The capital of Kenya, to name a specific case, was a ‘tricolour city’ where white British officials lived in the highest places, avoiding malaria. Blacks, at the other extreme, were barred from entering administrative and commercial areas. There were building permits that Blacks couldn’t afford, as well as imported building materials that they couldn’t access. Meanwhile, the Indian community, who arrived as a kind of second-class citizen in the service of the colonial administration, stood between the two and was given permission to build near the white residential areas. An exclusive urban plan was thus imposed, safeguarding the minority of settlers from the municipal regulations that made the presence of the local population illegal.
A direct consequence of this is that today, and in conditions of overcrowding and administrative neglect, 5% of the Nairobi area is inhabited by 60% of its residents, while a minority owns most of the city with garden houses and barbed wire trying to protect the privilege of having inherited power and right. This is what is known as the colonial slab of African urbanism.

Kibera is the largest slum in Nairobi and the largest urban slum in Africa.

Post-colonization continues to affect the children, grandchildren and great-grandchildren of those first rural migrants who arrived in the new Nairobi, the city that was built on the land of the Maasai practically from scratch to build the railway that connected Uganda with the port of Mombasa (Kenya). A panoramic look at the famous slums of Kibera, Mathare or Kawangware, shows an agglomeration around the swampy areas where improvised toilets emerge during the rainy season, simple plastic bags with faeces flung from windows forming waste sediments in the absence of toilets and water pipes. After all, why would a government invest in informal settlements that keep speculating and selling poor land to wealthy landlords who ceaselessly build condos and shopping malls? The municipal urban plan of Nairobi dates back to 1948. It is enough to consult the local press of any city to see how the scourge of forced evictions in poor neighbourhoods manifests itself daily in all cities of the continent.

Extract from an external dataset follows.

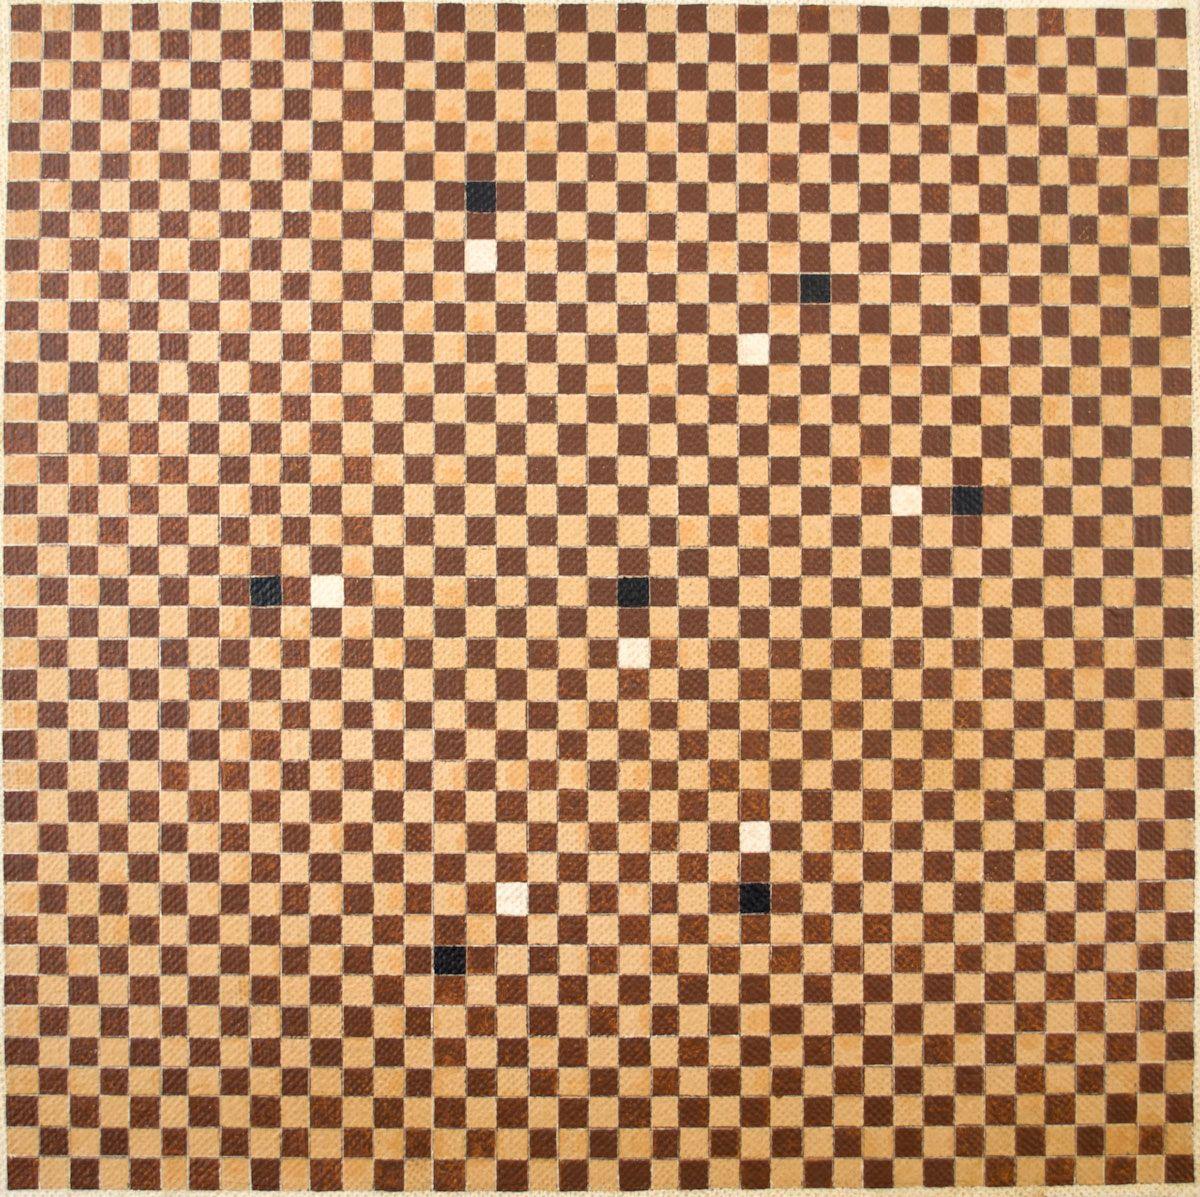 IVAN SERPA (1923 - 1973) Título: Composição Técnica: óleo sobre tela Medidas: 40 x 40 cm Assinatura: dorso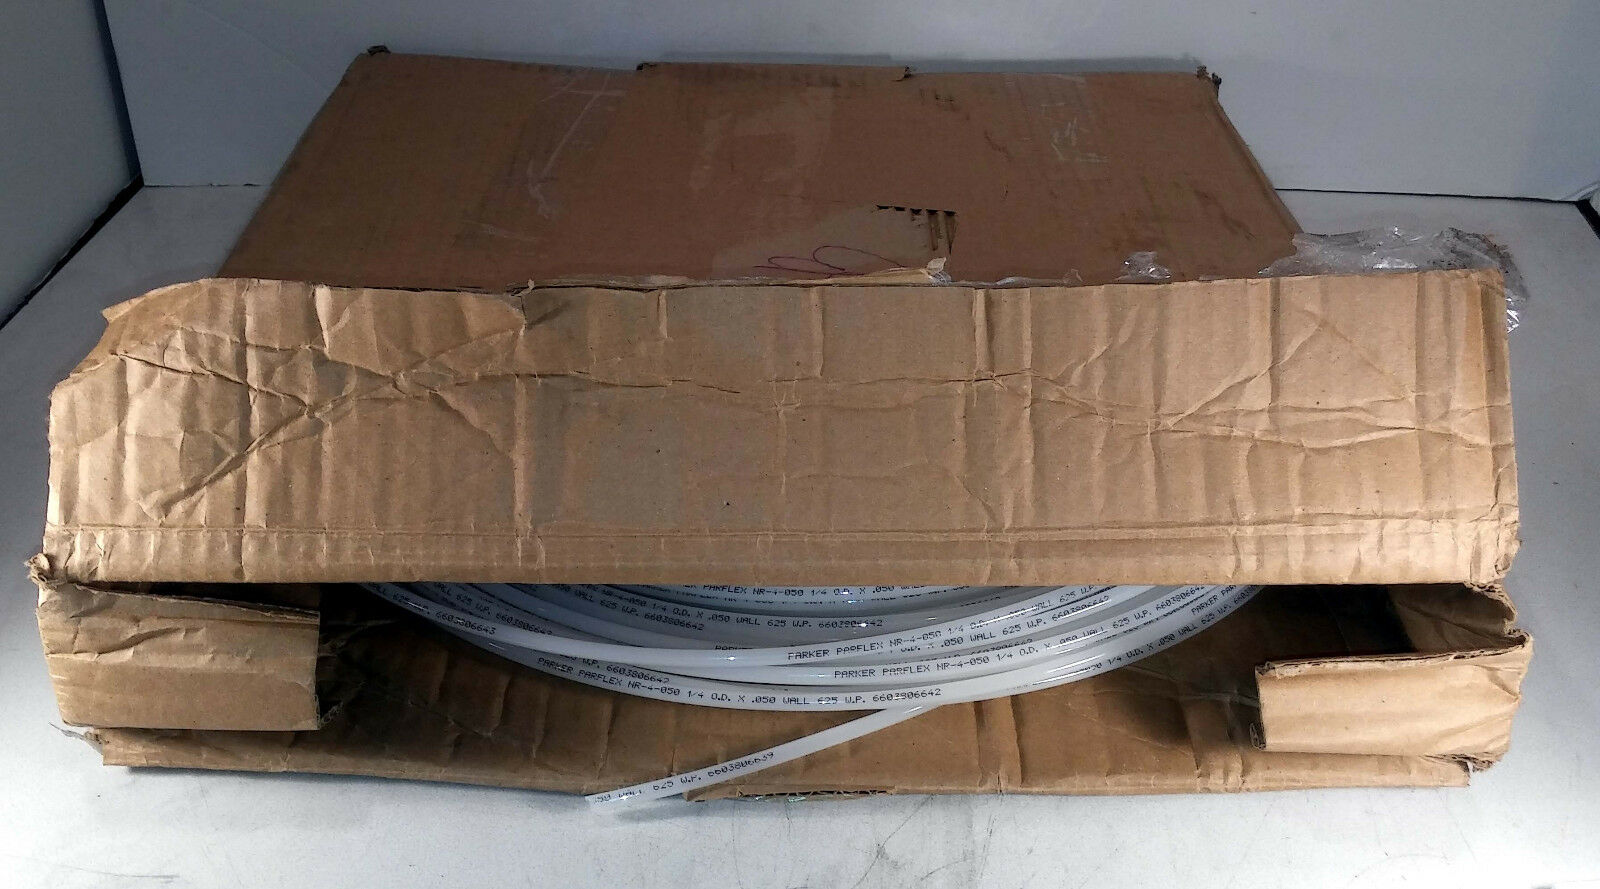 1 nuevo 250' Semi-rígida Rodillo Parker NNR-4-050 Alta Resistencia tubería Semi-rígida 250' de Nylon Nuevo En Caja 522d21

The cities of the continent are today an amalgam of centrifugal forces in decolonization where municipal laws do not yet reflect their real actors or their needs. Urbanization and decolonization are an inseparable couple in contemporary Africa, and each city will decide, with a greater or lesser degree of violence and conflict, how to lay the foundations for the future, already undeniably urban for all. (Illustration: 123rf.com.)